[YOUR TASK]: The whole listing, exactly as given: write it out, leaving out each image.
____ EXERCISE DATA
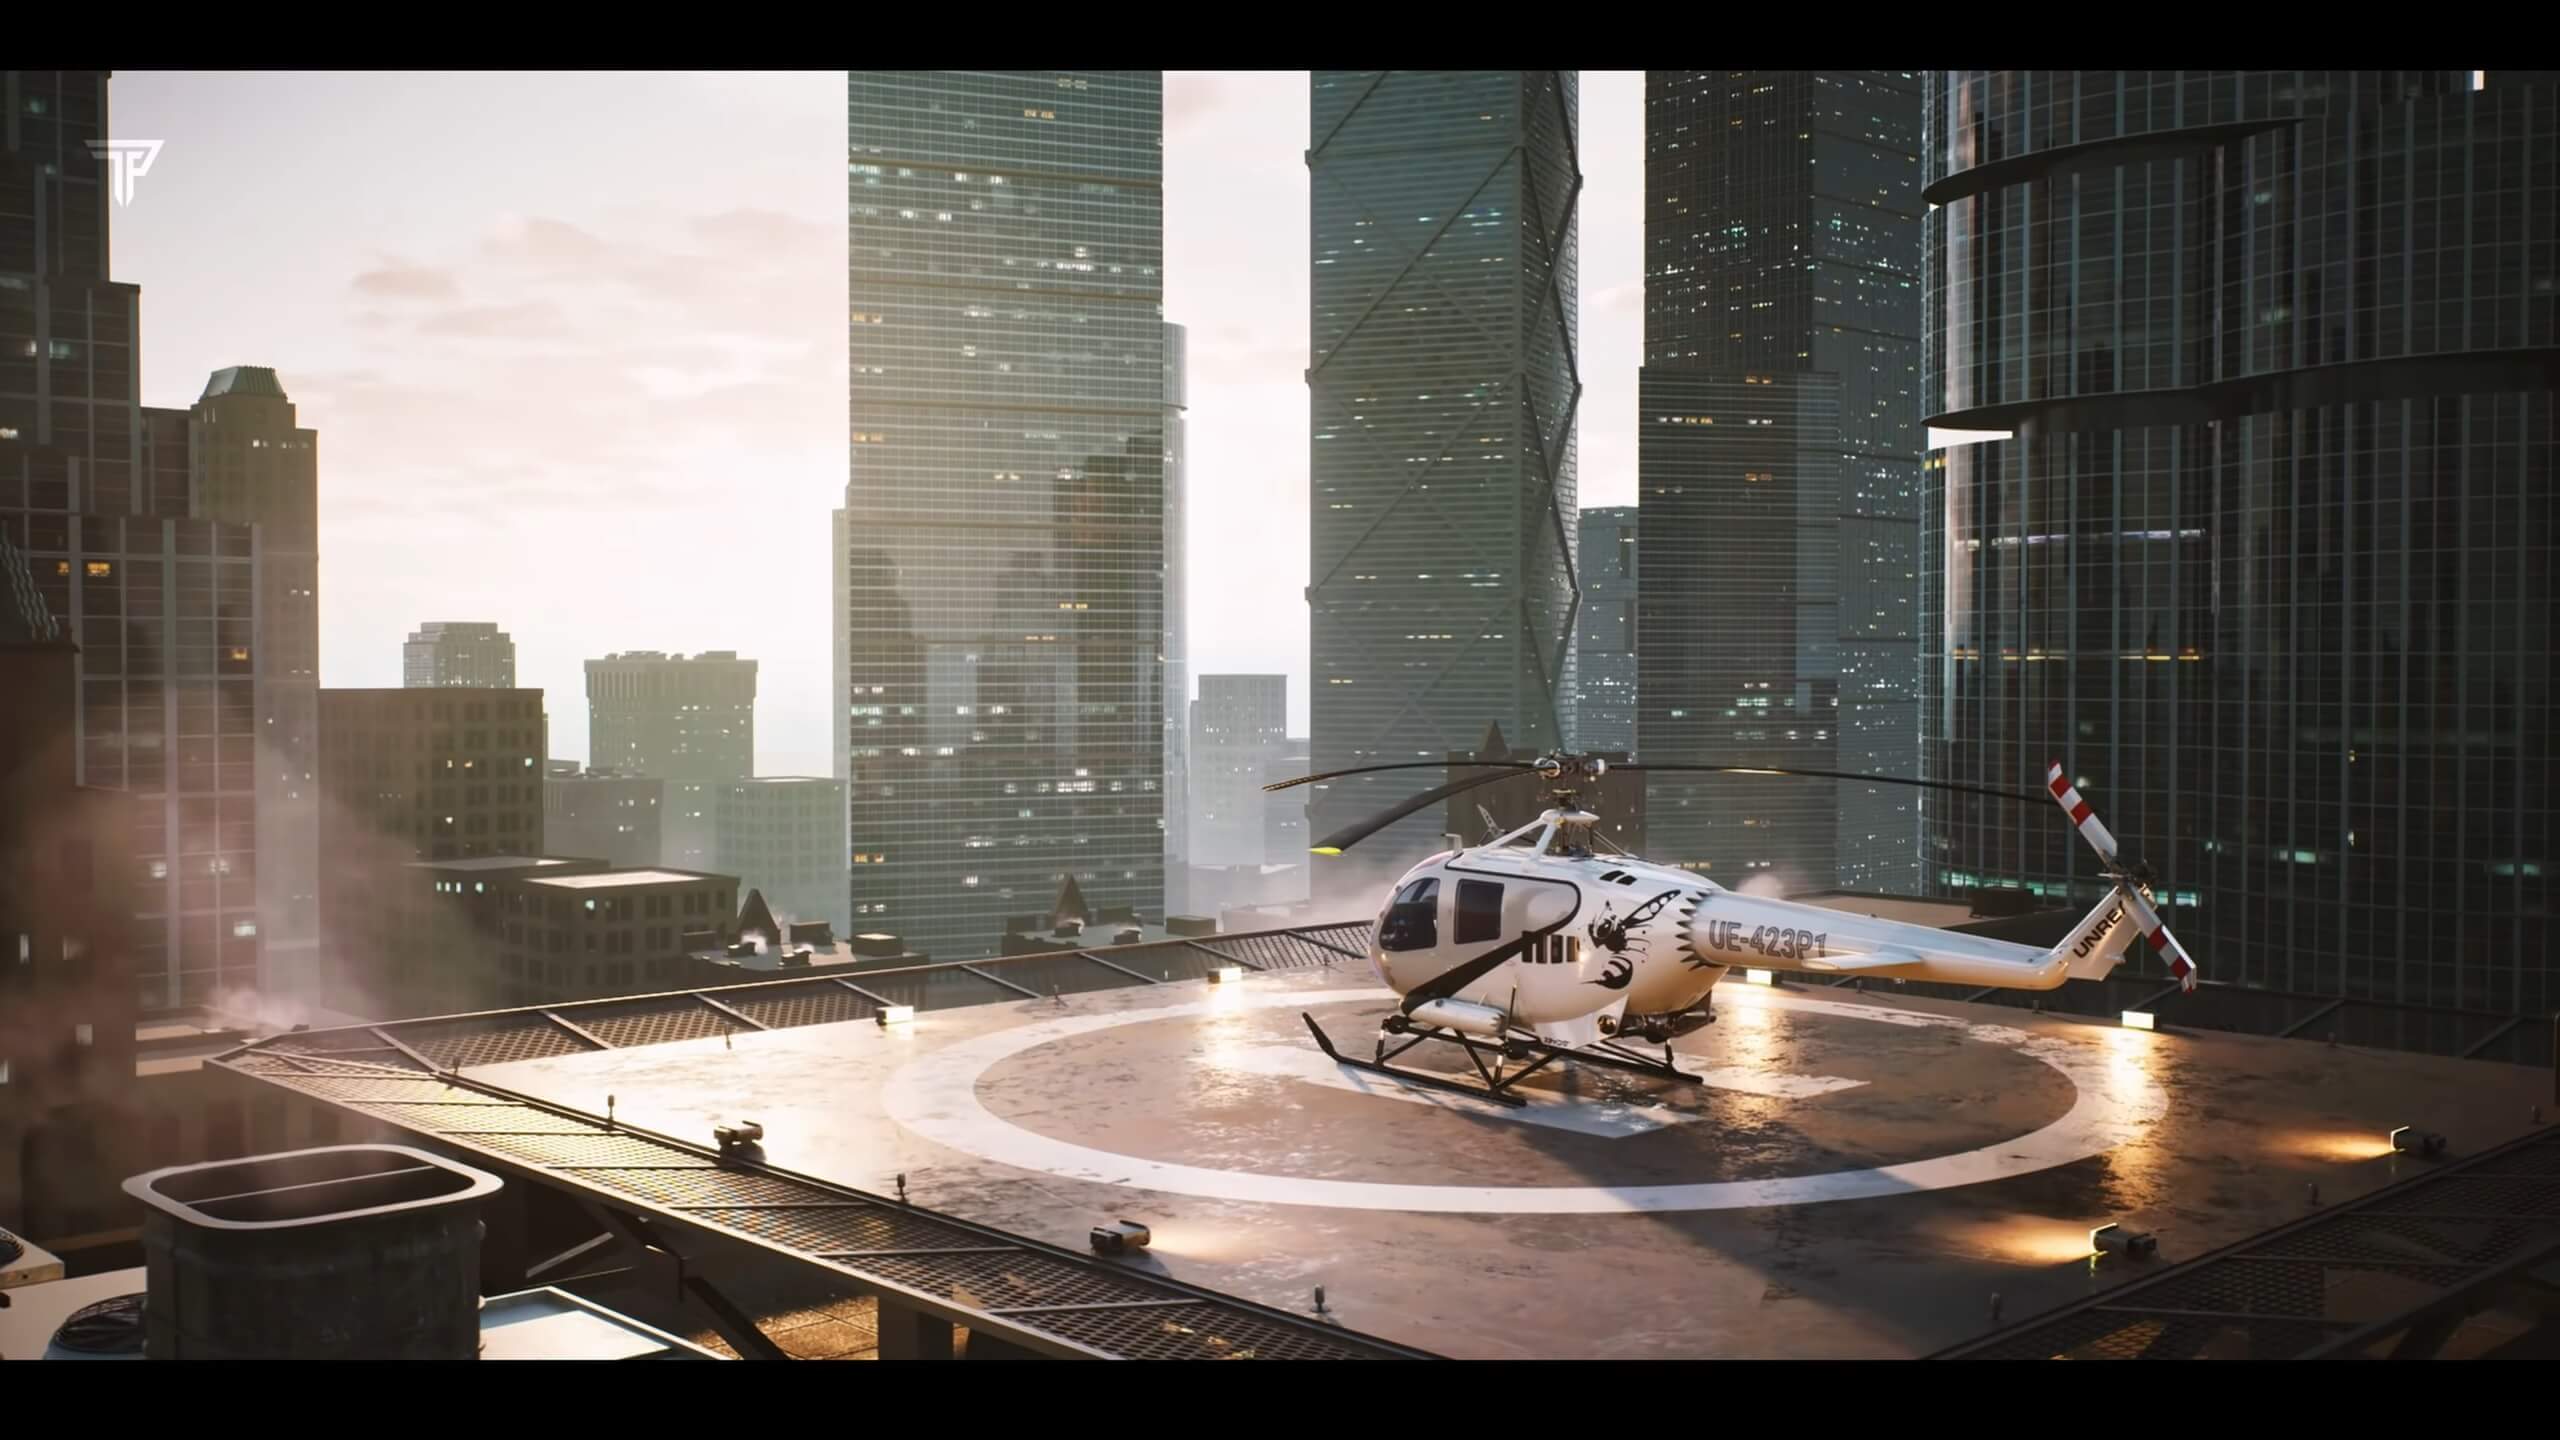 GTA 4 Map Recreated Entirely in Unreal Engine 5; Here's What It Looks Like
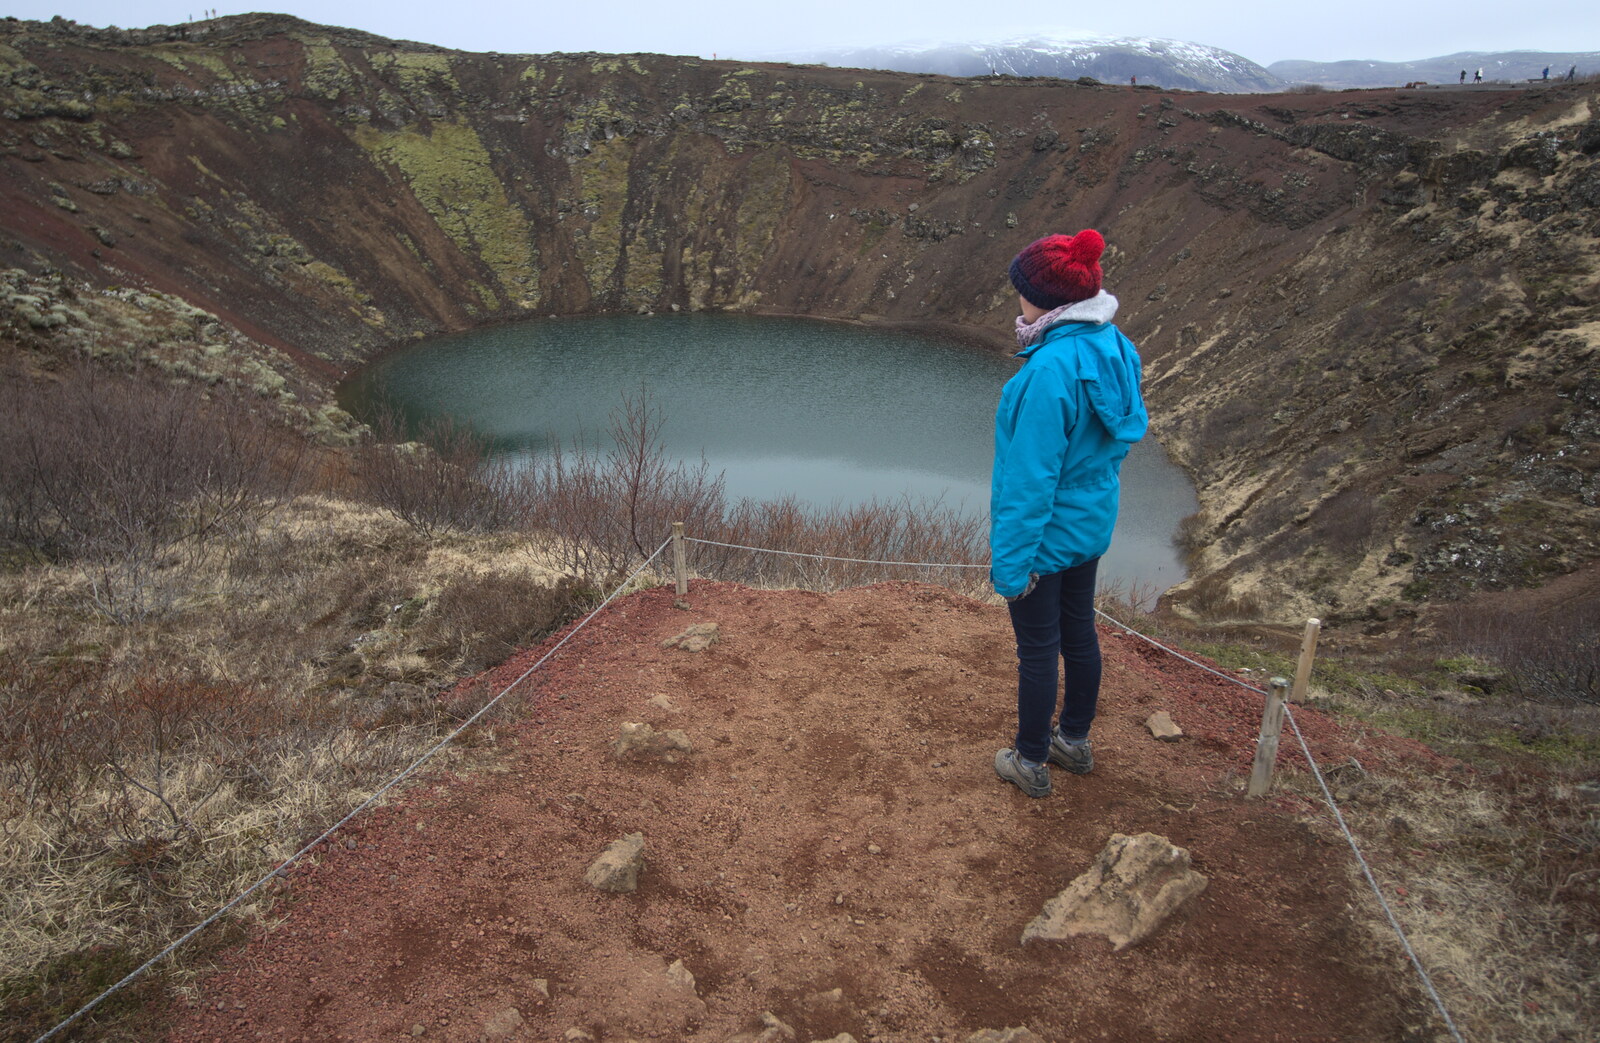 Isobel inspects the crater from The Golden Circle of Ísland, Iceland - 22nd April 2017
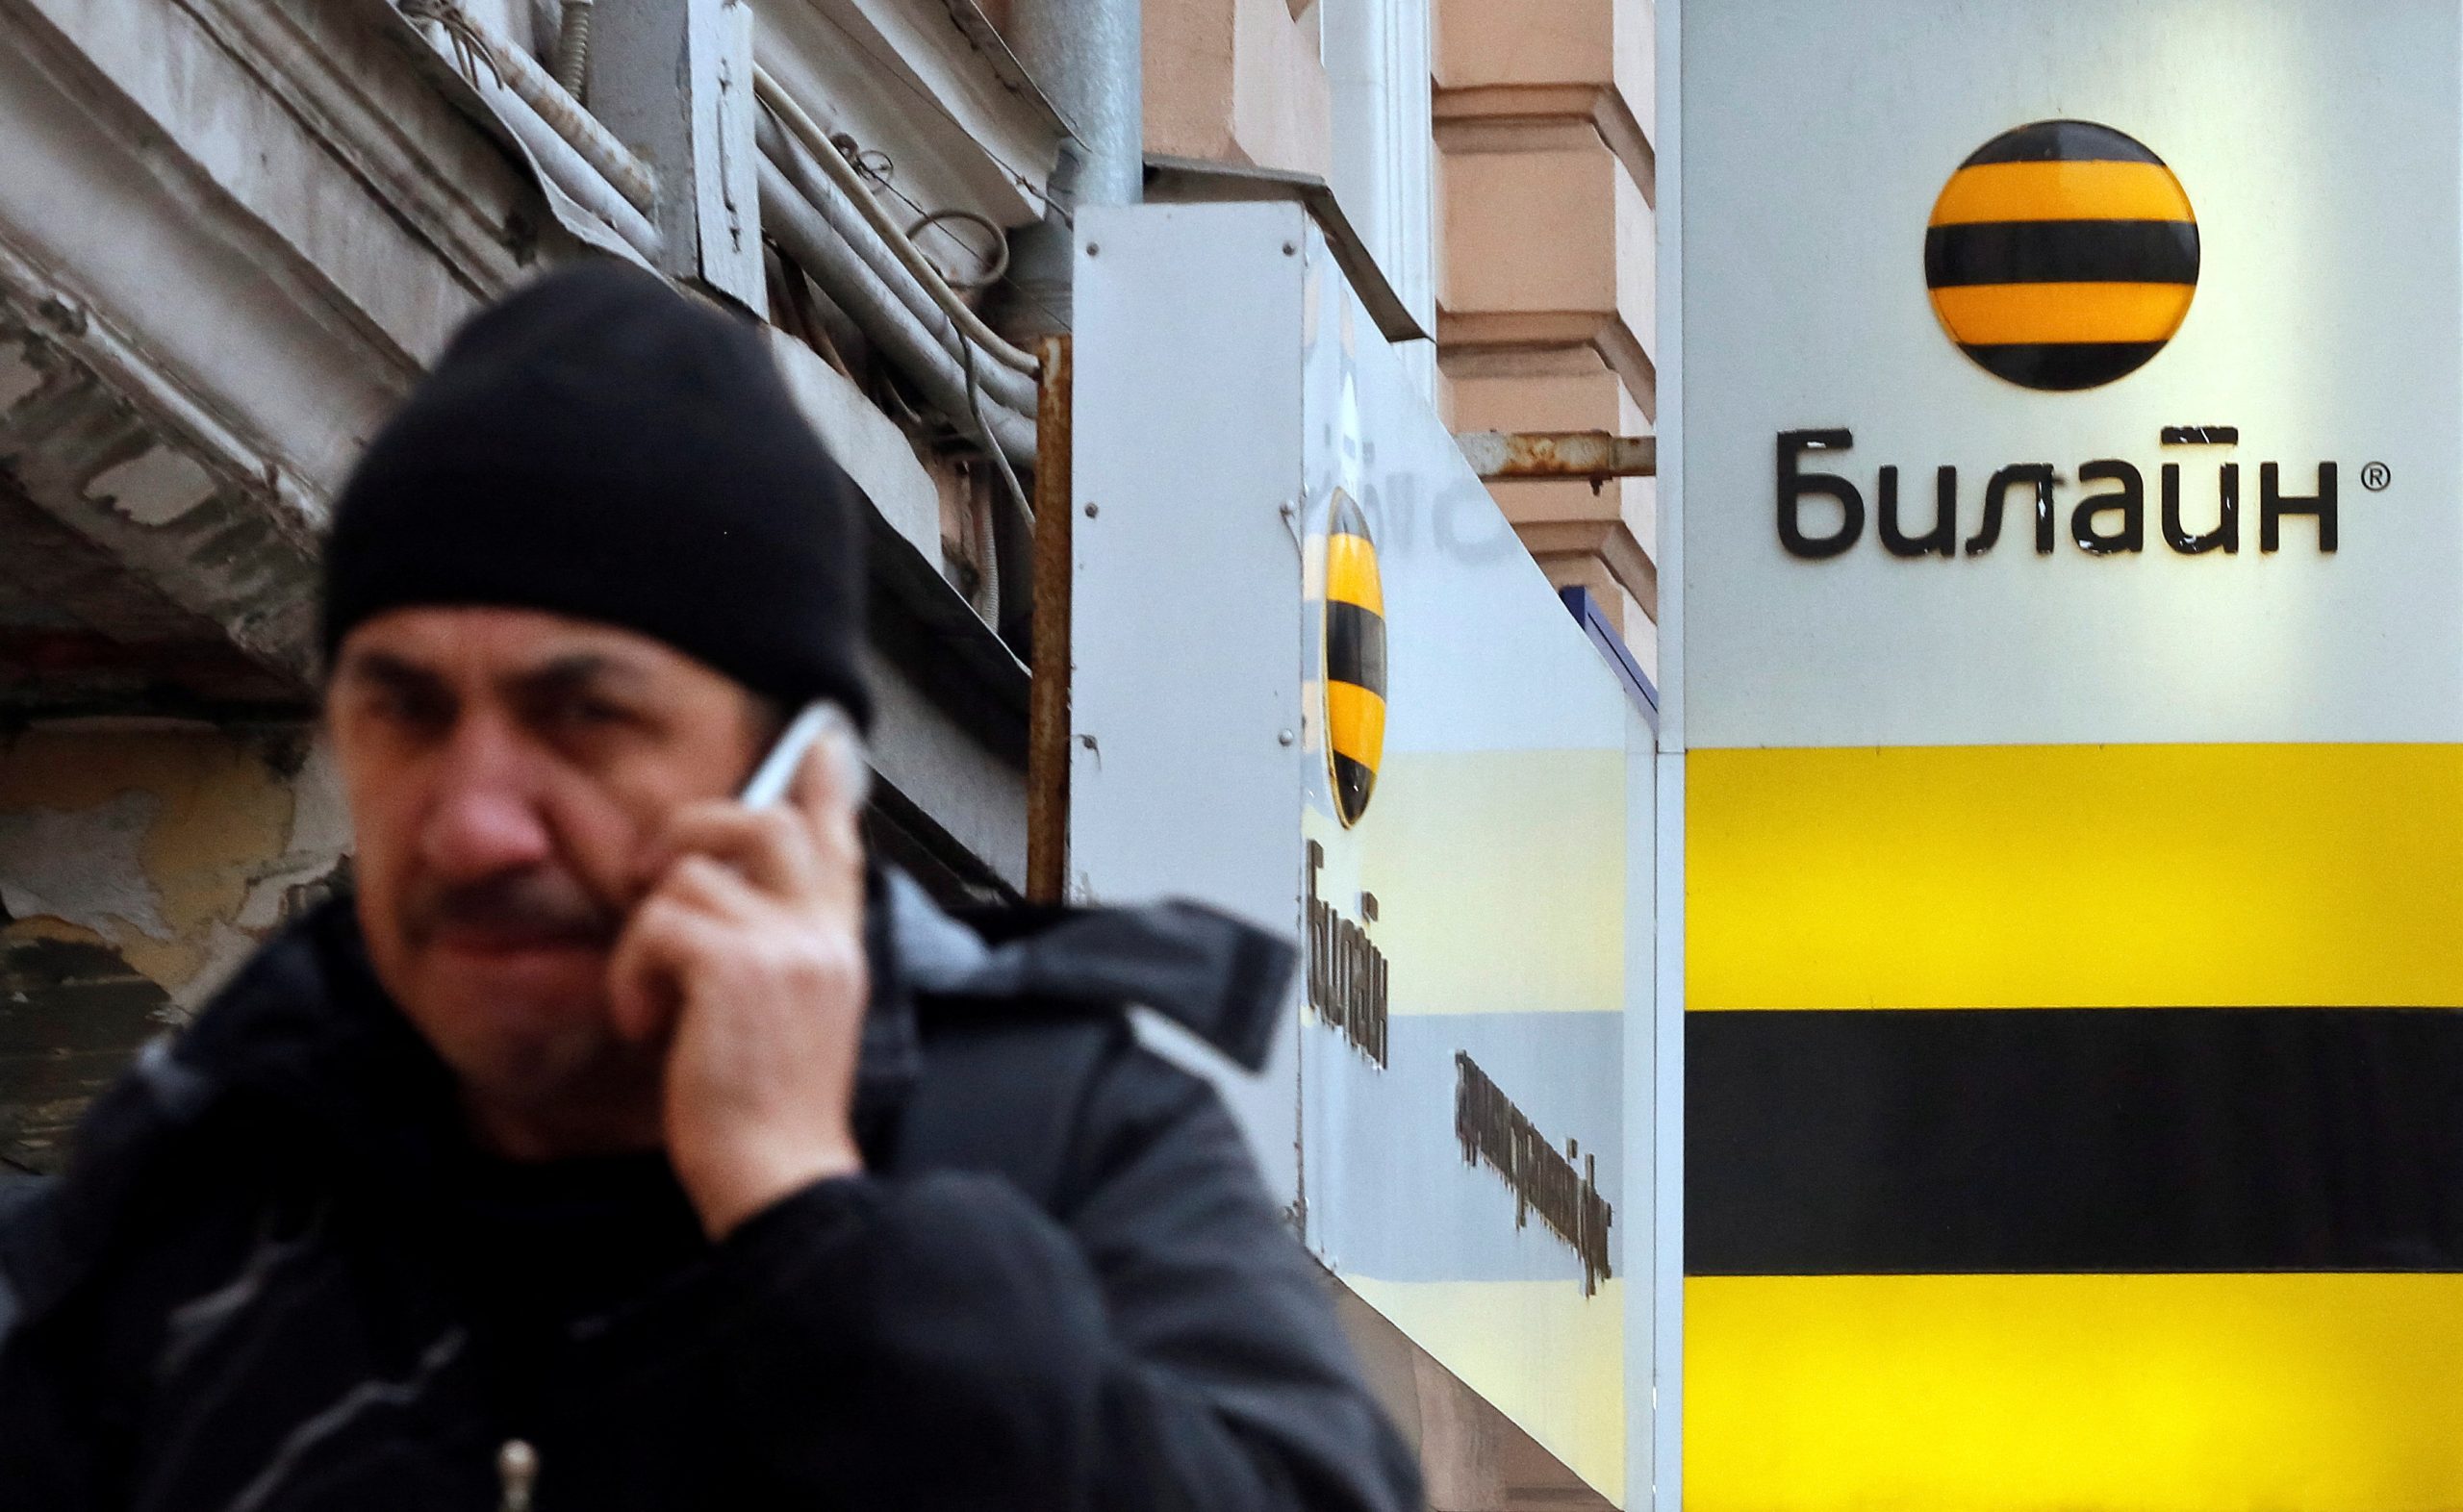 Photo: A man speaks on the phone near an office of Beeline, the brand owned by mobile phone operator Vimpelcom, in Moscow, November 12, 2014. Credit: REUTERS/Maxim Shemetov/File Photo
________
[RESPONSE BELOW]:
 GTA 4 Map Recreated Entirely in Unreal Engine 5; Here's What It Looks Like
 Isobel inspects the crater from The Golden Circle of Ísland, Iceland - 22nd April 2017
 Photo: A man speaks on the phone near an office of Beeline, the brand owned by mobile phone operator Vimpelcom, in Moscow, November 12, 2014. Credit: REUTERS/Maxim Shemetov/File Photo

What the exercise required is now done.